The stents of the present invention can be formulated to be capable of carrying and delivering various substances or bioactive factors, provided that these substances or factors do not form a solid solution with the polymer, and It does not act as a plasticizer that reduces the Tg of the polymeric device to below 45 ° C. Such materials include opacifiers, natural factors (natural)
agent), and drug, but is not limited thereto. The polymer can be mixed with such materials or factors. For example, the substance or bioactive factor can be incorporated into the polymeric cylindrical device as a solid dispersion in a matrix. The matrix may be formed using a homogenous dispersion of particles in a biocompatible polymeric material of the type described herein above in connection with the stent of the present invention. Such particles must be small enough (eg, 1/5 to 1/10 of the column or wall of the cylindrical device) to not affect the continuity of the matrix. The substance or bioactive factor can also be placed on the exterior or interior surface of the cylindrical device, either by impacting or chemical coupling.

  The stent of the present invention lacks memory of previous processing and has a predetermined final shape and diameter memory.

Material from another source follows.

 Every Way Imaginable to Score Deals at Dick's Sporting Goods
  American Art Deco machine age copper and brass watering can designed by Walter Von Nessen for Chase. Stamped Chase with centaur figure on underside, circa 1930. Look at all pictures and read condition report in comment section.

II. Preparation of polymer-based stent assembly
In another aspect, the present invention relates to a method for preparing the polymer-based stents and stent assemblies of the present invention. If the initial polymeric cylindrical device has a diameter that is smaller than a predetermined final diameter, a slit or opening is formed in the cylindrical device, after which the cylindrical device has a final shape. And deformed or expanded to a diameter. This involves inserting a balloon into the polymeric cylindrical device (hereinafter referred to as a “pre-cut cylindrical device”), and the pre-cut cylindrical device is then pre-cut. Heated to a temperature above the Tg of the polymer used to form the cylindrical device, and until the size is approximately equal to or slightly larger than the predetermined final inner diameter of the implanted stent. This is accomplished by inflating the balloon. Maintaining the expanded pre-cut cylindrical device in a predetermined final shape, size and diameter, for example by attaching the pre-cut cylindrical device to a solid support, The cut cylindrical device is educated to erase the memory associated with any pre-process and gain a predetermined final shape, size, and diameter memory. In the case where the initial cylindrical device is formed in a given final shape, size and diameter, such a deformation or expansion step is not required. When the initial cylindrical device is formed in a predetermined final shape, size, and diameter, the slits or openings in the cylindrical device can be made before or after the educational process as described below.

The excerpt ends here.